--- DATA BLOCK ---
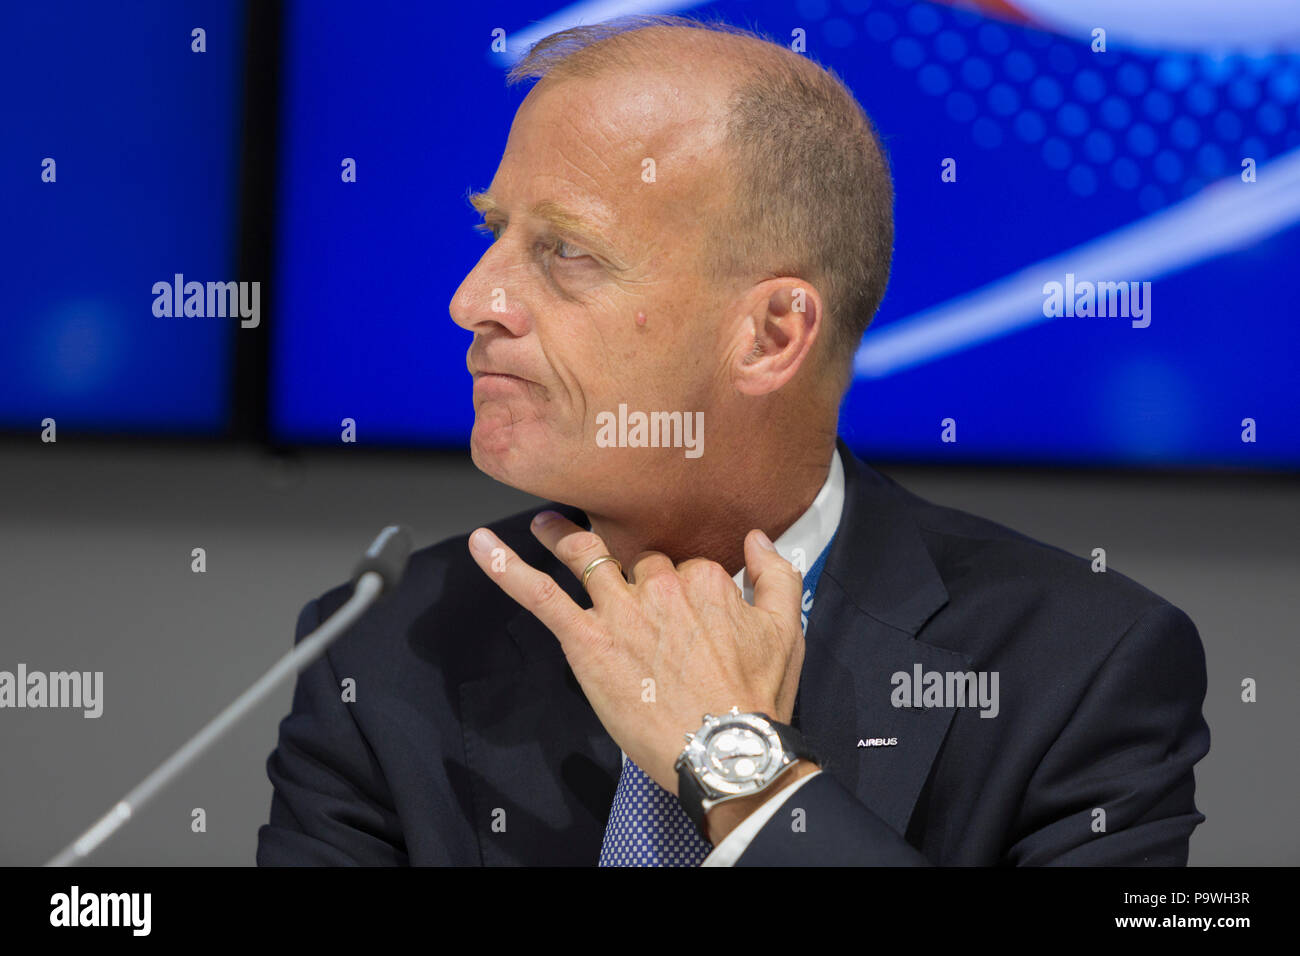 The CEO of Airbus Industries, Tom Enders at the Farnborough Airshow, on 18th July 2018, in Farnborough, England. Stock Photo
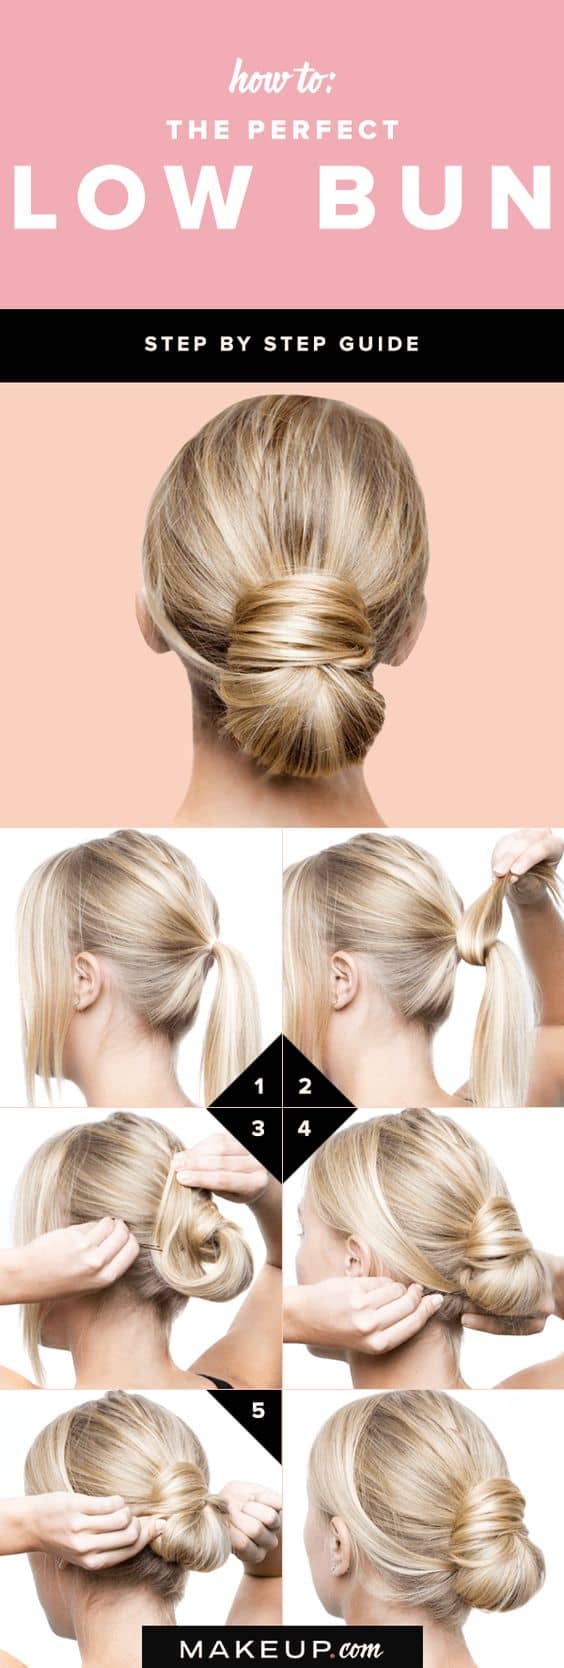 27 Most Beautiful Braided Hairstyles
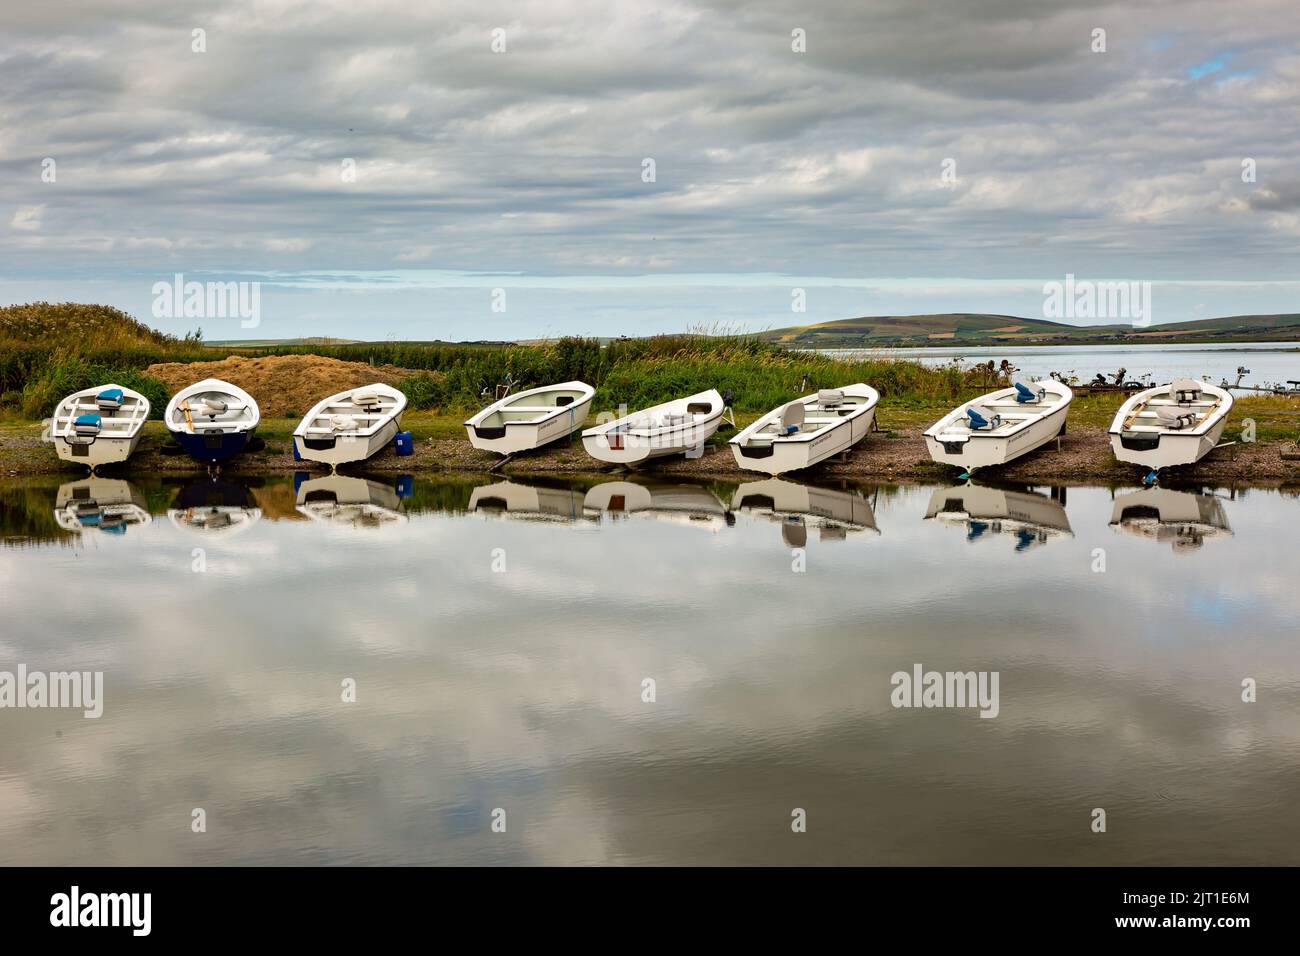 Loch Harray, Orkney, UK. 27th Aug, 2022. Dinghies are reflected in the calm waters of Loch Harray, Orkney mainland, UK. The boats are used by local fly fishing enthusiasts. Credit: Peter Lopeman/Alamy Live News Stock Photo

--- PROBLEM DESCRIPTION ---
Please print all the lines above exactly as given and leave out every picture.

--- RESULT FOR THIS EXERCISE ---
 The CEO of Airbus Industries, Tom Enders at the Farnborough Airshow, on 18th July 2018, in Farnborough, England. Stock Photo
 27 Most Beautiful Braided Hairstyles
 Loch Harray, Orkney, UK. 27th Aug, 2022. Dinghies are reflected in the calm waters of Loch Harray, Orkney mainland, UK. The boats are used by local fly fishing enthusiasts. Credit: Peter Lopeman/Alamy Live News Stock Photo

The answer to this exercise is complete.